Law and Free Market Concepts Intertwine in U.S. Criminal Justice, Professor Darryl Brown Finds in New Book
The criminal justice system in the United States is unique because of Americans' faith in democratic processes and free markets, University of Virginia School of Law professor Darryl Brown details in his new book, "Free Market Criminal Justice," published by Oxford Press.
"We really trust the political process rather than the law to prevent government abuse of power," Brown said. "[We also] trust in the market, or market ideas and market-style processes, rather than law, as a way to organize the criminal justice process."
Brown is the O. M. Vicars Professor of Law and worked as a public defender earlier in his career. He is an expert in criminal law, criminal procedure and evidence.
He said democratic processes play into Americans' strong desire for accountability.
"All democracies want their criminal justice systems to be accountable, and all their public institutions to be accountable," Brown said. "And the jury is a democratic feature in the trials in lots of other countries, too. But this idea of democratic process, or really political accountability, just goes further in the American criminal justice system than you find anywhere else."
The United States is the only nation in the world that elects its prosecutors, he said. If prosecutors don't act in the best interests of justice, they can be removed by the people.
In some common law countries such as England, "they use judicial review to guard against prosecutor discretion or arbitrariness," Brown said. "We use political review, you could say, at the ballot box."
Market philosophy, normally thought of as an economic concept, is another idea Americans have folded into criminal law.
"The adversarial trial process has a lot in common with the market that we don't normally think about," Brown said "The parties are rivals, and the parties have most of the power, rather than the judge or a neutral government official."
The parties compete by offering evidence for their own sides or in their own interest.
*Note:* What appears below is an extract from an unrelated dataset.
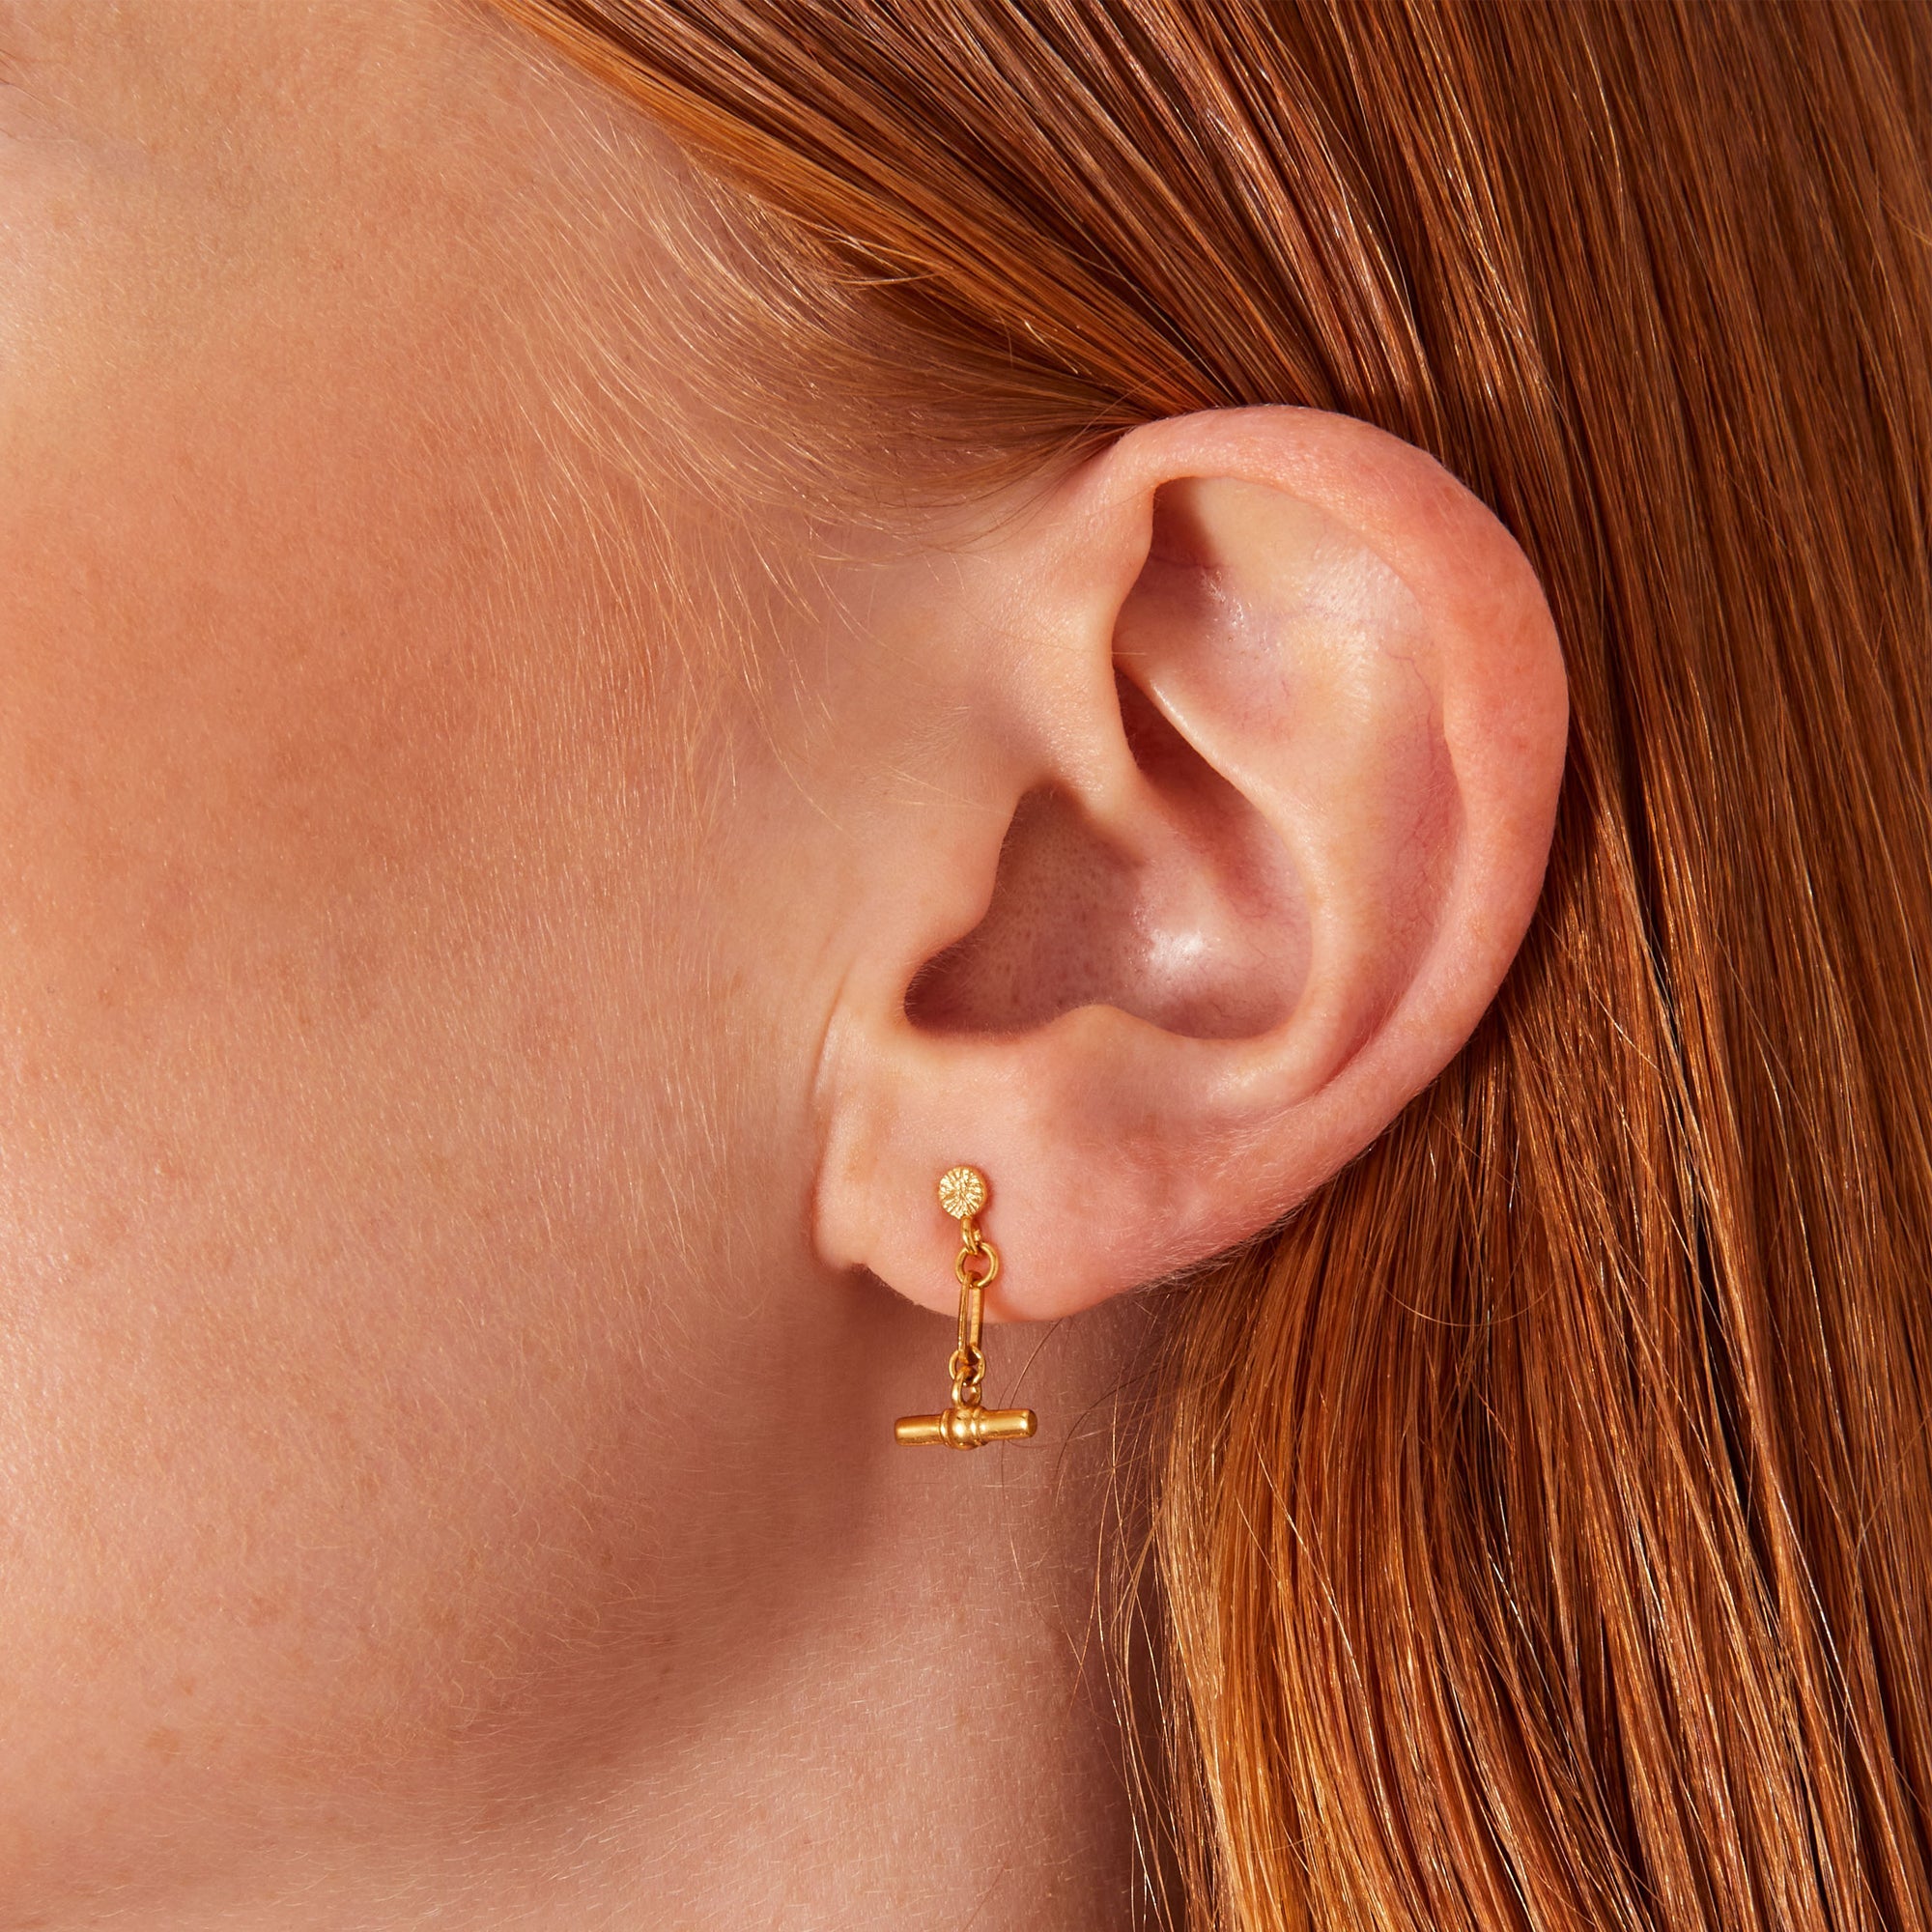 Real Gold Plated Z Modern Heirloom T-Bar Earrings For Women By Accessorize London

Or they can negotiate between themselves and reach a settlement that will effectively define the court's judgment.
"In criminal adjudication as in private markets, competition among rivals in theory produces the best results," Brown said.
A key way parties negotiate in the criminal justice context is by plea bargain.
"Courts talk explicitly all the time about the 'market' for plea bargains, or they talk about prosecutors and defendants buying and selling legal rights, trading legal entitlements," he said. "The law of plea bargaining borrows explicitly from the law of contract that governs private agreements between parties in the marketplace."
There are no rules on plea bargains and other criminal negotiations in the United States because there aren't equivalent rules in the private market, Brown said.
In England, plea bargain sentences are limited to one-third less than what the sentence would be if the defendant were convicted at trial, and prosecutors are bound by administrative rules for making charging decisions, which courts enforce. In the U.S., prosecutors’ charging guidelines are merely internal memos that the chief prosecutor can change or ignore at any time.
In England and Australia, Brown said, prosecutors would never make recommendations to a judge about what a sentence would be.
"They just think that's inappropriate to their role as ministers of justice," he said.
Brown said Americans' acceptance of the use of discretion in the criminal justice system is in contrast to popular fears of government overreach in other settings.
"All our suspicions of executive discretion, all our suspicions of government power in general just go out the window in the criminal justice realm," he said. "I think ultimately it's just because we've come to expect the government to provide a level of safety and security in a way that people of the founding generation and the early republic just didn't."